Compiling to WebAssembly with Binaryen (original) (raw)

This page explains how you can write a compiler to WebAssembly using Binaryen. First, let's get some FAQs out of the way.

Why compile to WebAssembly?

WebAssembly is a cross-browser standard for executable code. By compiling to it, you can run your code on the web, without plugins.

As well as working in browsers, WebAssembly also works as a general-purpose cross-platform binary format. For example, you can use standalone WebAssembly runtimes and the upcoming WASI system interface to create CLI applications.

Why compile to WebAssembly using Binaryen?

There are already a few ways to compile to WebAssembly, and more will probably appear. Different approaches can have different benefits and tradeoffs. Specifically, Binaryen aims to be

Binaryen keeps things simple and fast by using an internal IR that is almost identical to WebAssembly. This makes sense for two main reasons:

Therefore even with a single IR in Binaryen we should be able to emit fairly good code. And with just one IR, you can avoid a substantial amount of overhead that most compilers have.

In addition, Binaryen's IR is designed to be lightweight and fast:

Note that we said Binaryen uses WebAssembly as its main IR. Binaryen already has optional support for a more CFG-style input IR as well, for convenience; others may follow, but a fast one-IR path will remain.

What do I need to have in order to use Binaryen to compile to WebAssembly?

Binaryen expects input that is generally compatible with being compiled to WebAssembly. Specifically, you should be able to emit data for it in the following form:

(local.set $temp1 (i32.const 42)) (local.set $temp2 (call $foo (local.get $temp1))) (local.set $temp3 (i32.eqz (local.get $temp2))) (call $bar (local.get $temp3))

;; instead of

(call $bar (i32.eqz (call $foo (i32.const 42))))

Technical details

There are several ways to use Binaryen, which we will describe in this section: from JS, C, and C++.

JS API - binaryen.js

See the binaryen.js-API docs for details. Code samples are in test/binaryen.js.

C API

The C API is in a single header here. That contains everything you need together with the libbinaryen library which is built in lib/.

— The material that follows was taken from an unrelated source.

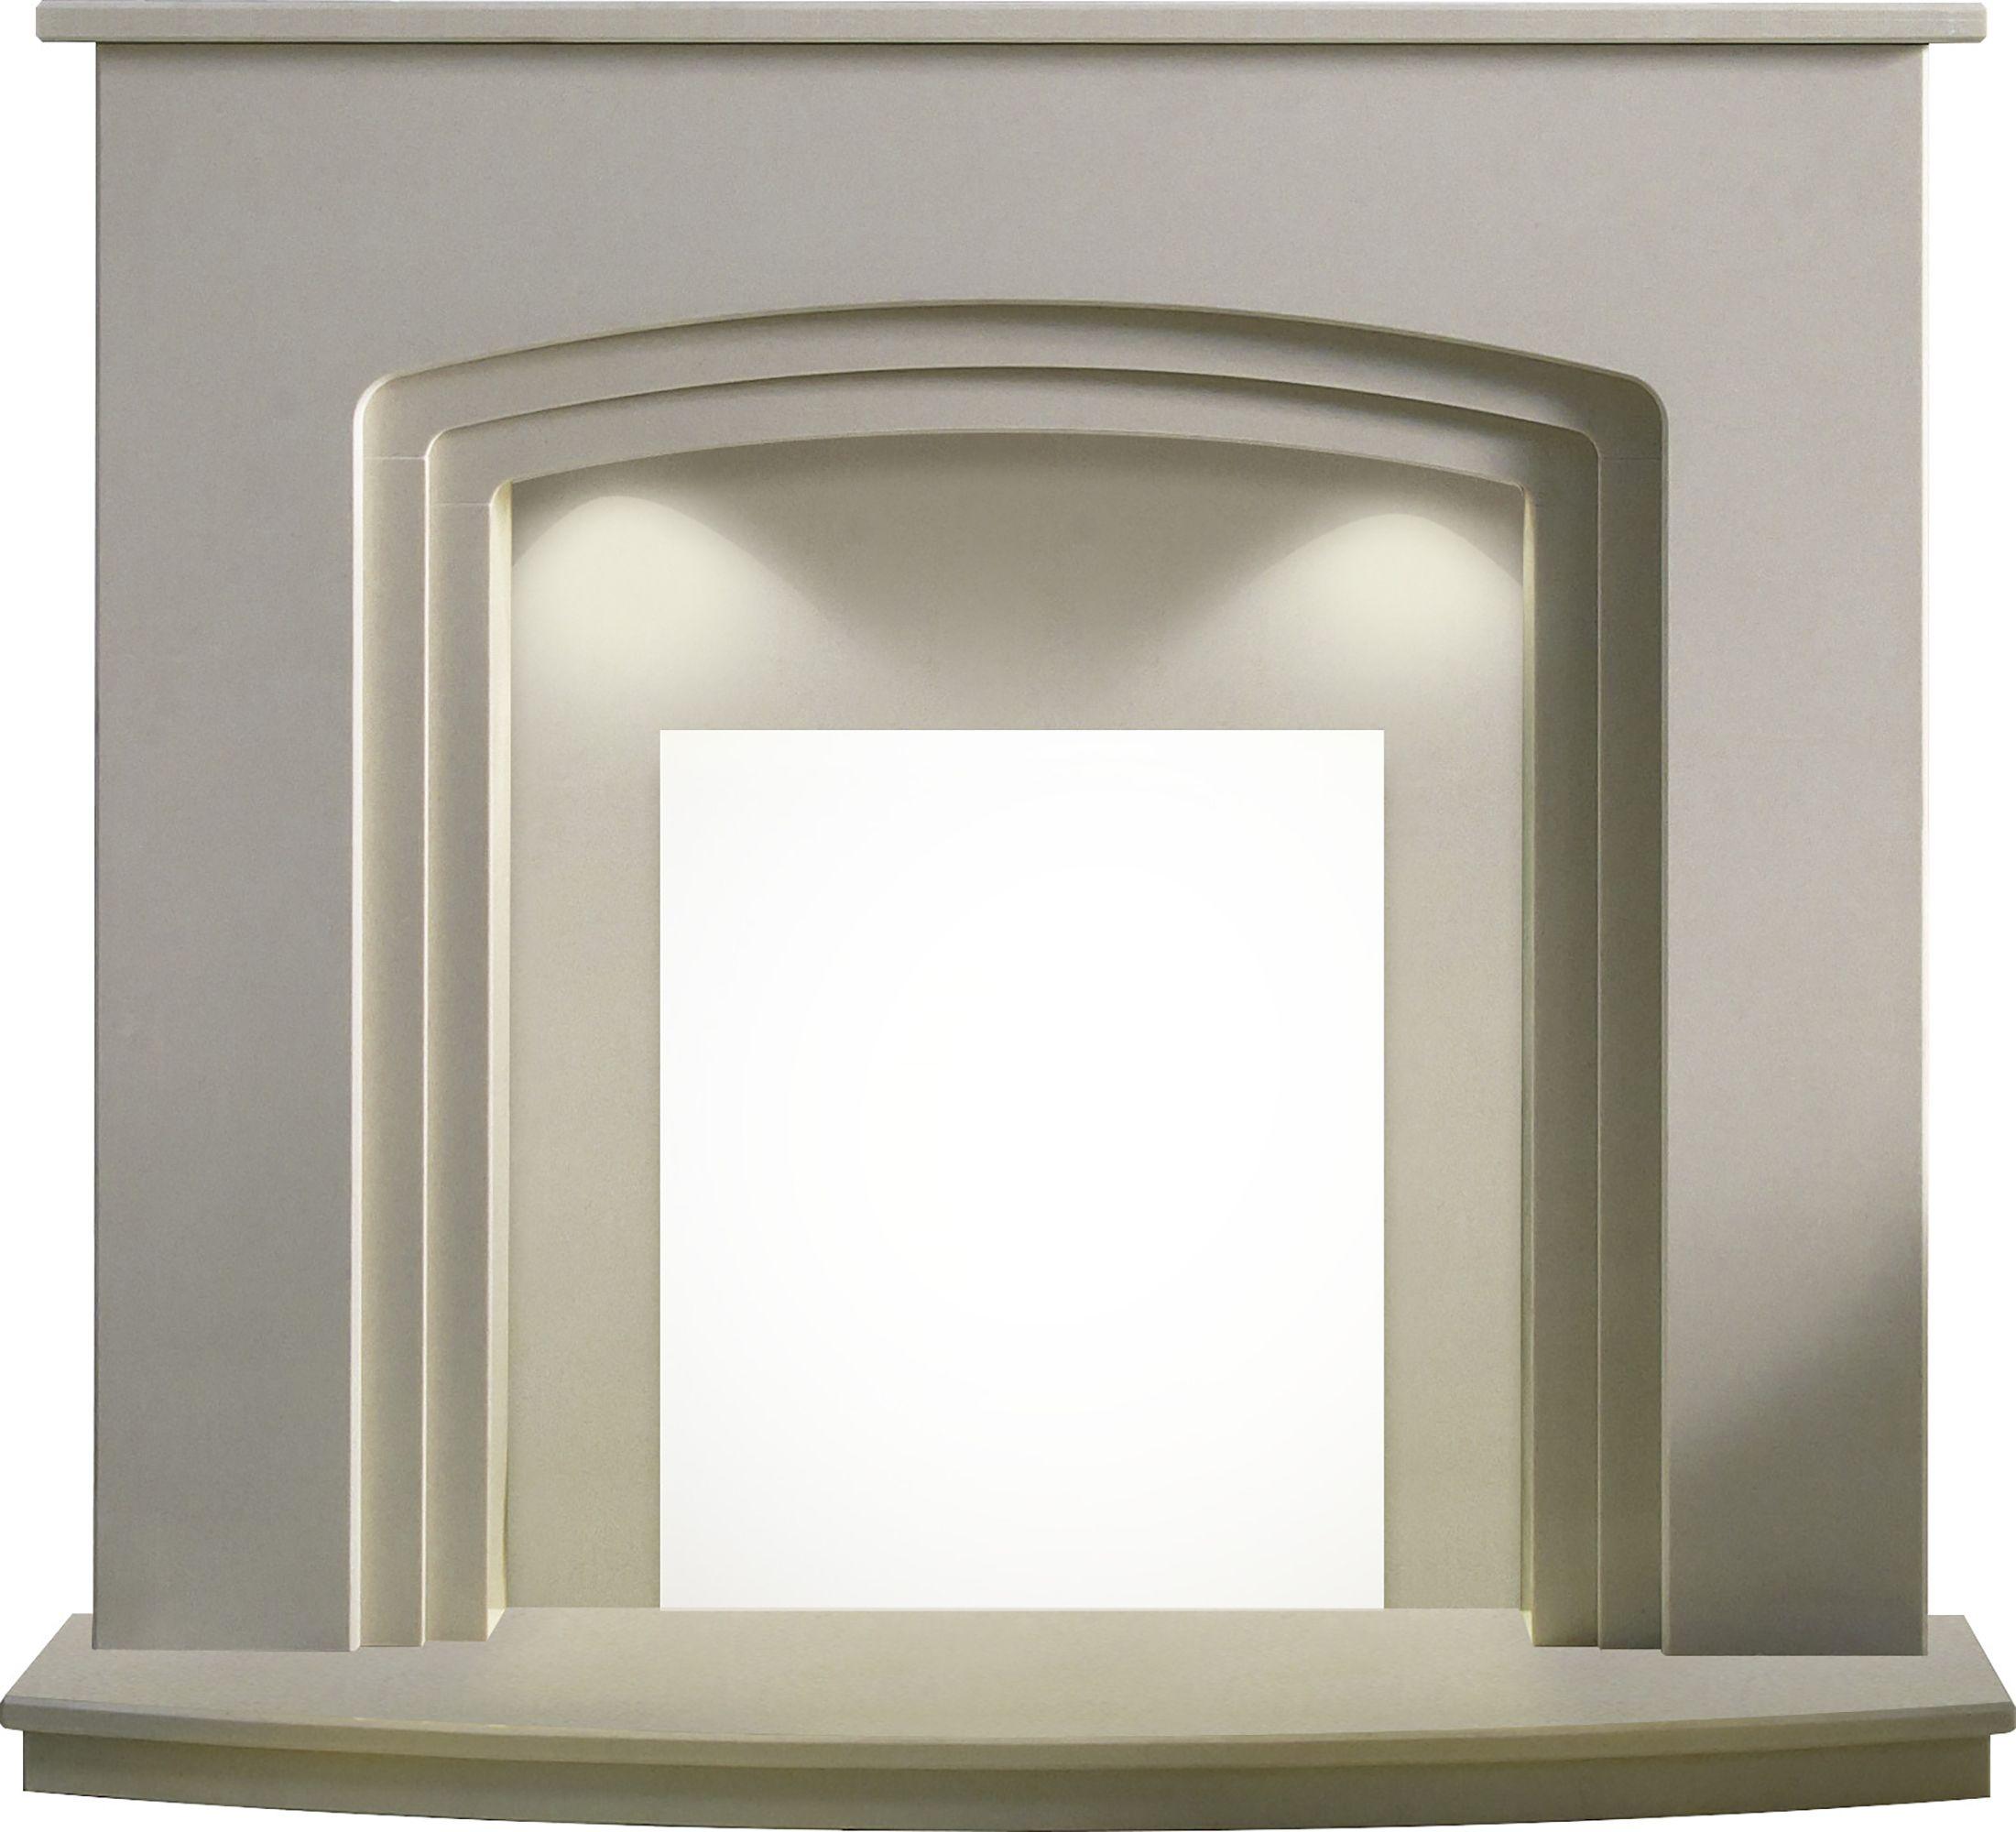 Stone Effect Fireplace Surrounds Part - 35: Bu0026Q

There is a hello world test which is a good starting point. There is also a kitchen-sink test as well, which should cover practically all the API.

When compiling to Binaryen, you'll probably do something like what you see in those examples, which follows this pattern:

For a complete example of a compiler using the C API, look at the mir2wasm project, which compiles Rust into WebAssembly.

CFG API

As mentioned earlier, Binaryen's native IR is an AST, but it can also receive input in an arbitrary control flow graph, which is a very common case. Binaryen can then "reloop" that code into structured control flow. This works for any CFG, even irreducible ones.

To do so, use the CFG/Relooper part of the C API, as follows:

Note that the relooper output is not optimized by default: you will see redundant blocks and so forth. If you optimize your code (using BinaryenModuleOptimize()) then you should see nice control flow.

See binaryen-c.h and src/CFG/Relooper.h for more technical details, and the test suite for concrete examples. For a full compiler, see the mir2wasm project mentioned earlier, which uses the CFG API in addition to the C API.

Debugging C API usage using tracing

The C API (including the CFG API) have a tracing option that prints out C API commands for each command you issue. The result is a runnable program that does the same things you were doing when you ran the trace. This lets you easily generate a standalone testcase from your compiler, without a dependency on your compiler itself, it will just do the same Binaryen C API calls that you did.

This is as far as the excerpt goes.